We believe that the capacity to manage and contain high-energy states is the result of careful and detailed development of attention, often over many years, coupled with the deliberate use of non-normal lengths of breath as noted in the Introduction. Over 50 years, and with currently over 400 practitioners, this particular practice has proved remarkably safe, and we wonder whether some of the basic features of its attentional development could be adapted for epilepsy sufferers with the goal of reducing frequency of seizures. We are also interested to explore potential health implications of the high energy focus and development of what appears to be a vertical vertex-brainstem-body axis, inevitably passing through core brain regions known to be involved in dementia and other degenerative conditions.

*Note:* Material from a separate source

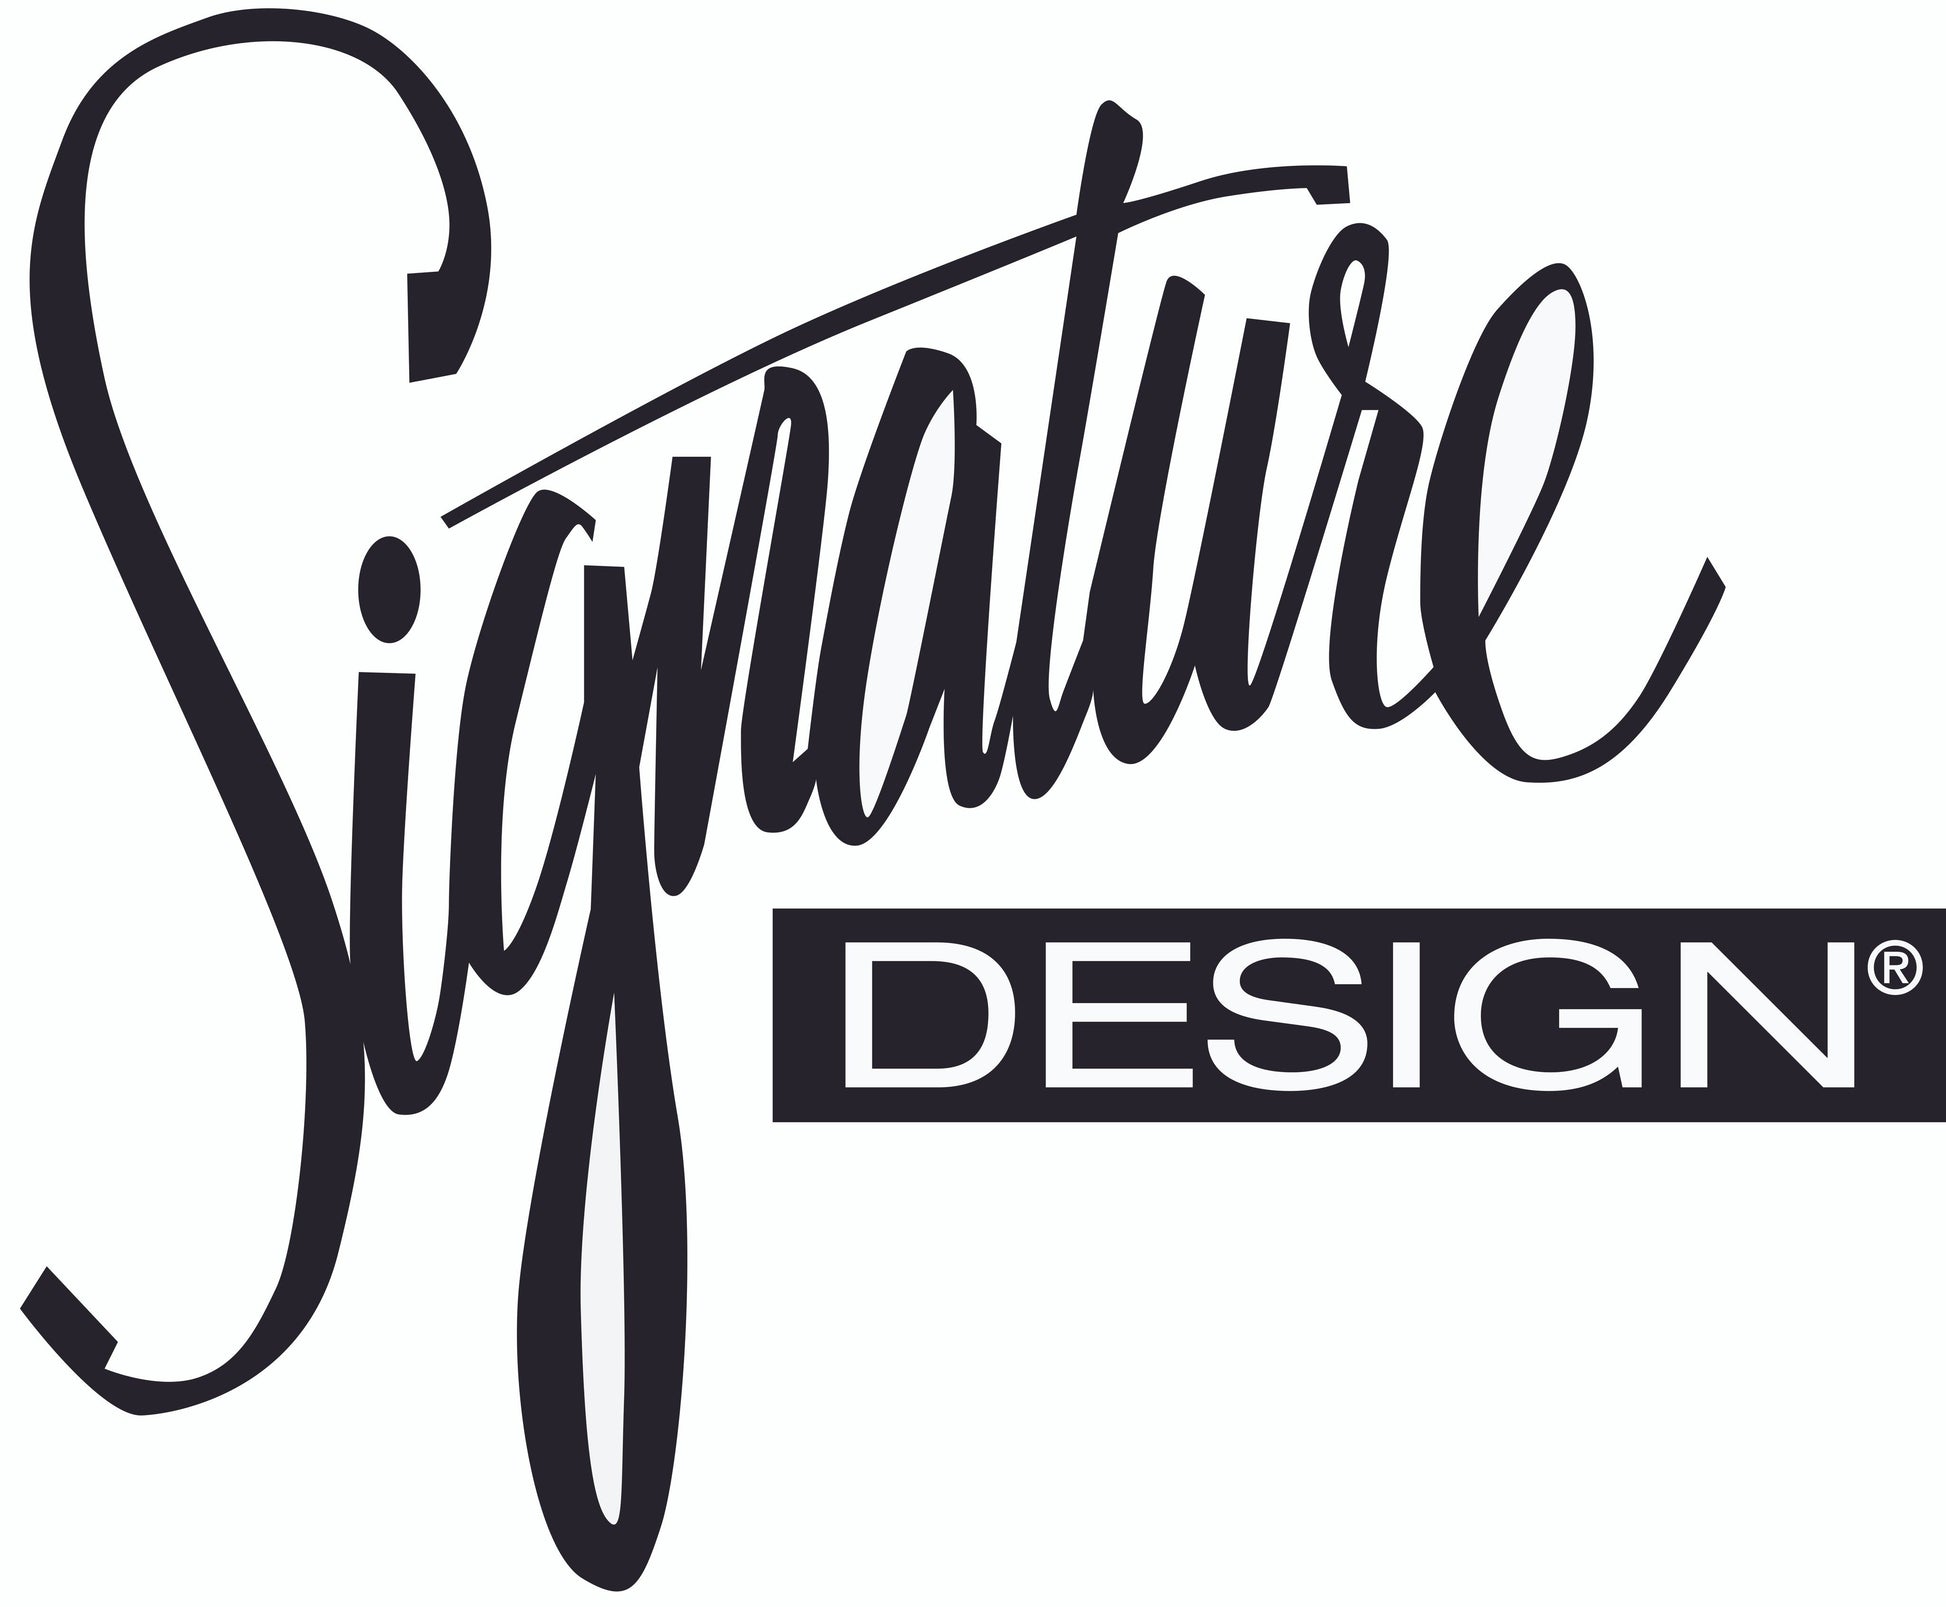 Nanforth Dresser and Mirror Signature Design by Ashley®

Finally, while recent neuroscience has explored in depth the minimisation of free energy, as a key factor in the brain’s default energy balance, this study highlights that disruption of the DCs reveals a hitherto unrecognised and remarkable reservoir of available energy. It also demonstrates an equally remarkable responsiveness of the brain’s cortical networks during this form of meditation, which we presume is related in some way to the more common focus on plasticity.
4.4. LIMITATIONS
Spatial resolution. At some point in the future we hope to have the capacity to record with at least 48, or preferably 64-electrodes.
An observer effect? Most subjects adapt well to being recorded, but a number have commented that they do not experience the same depth of absorption as in their regular meditation practice, when being recorded, i.e. “observed”. We intend to explore protocols that might address this.
4.5. CONFLICTS OF INTEREST
This research has been conducted in the absence of any commercial or financial relationships that could be construed as a potential conflict of interest.
ACKNOWLEDGEMENTS
We are grateful for the willing cooperation of all the subjects who participated in this study, and the ethical approval granted by The Samatha Trust.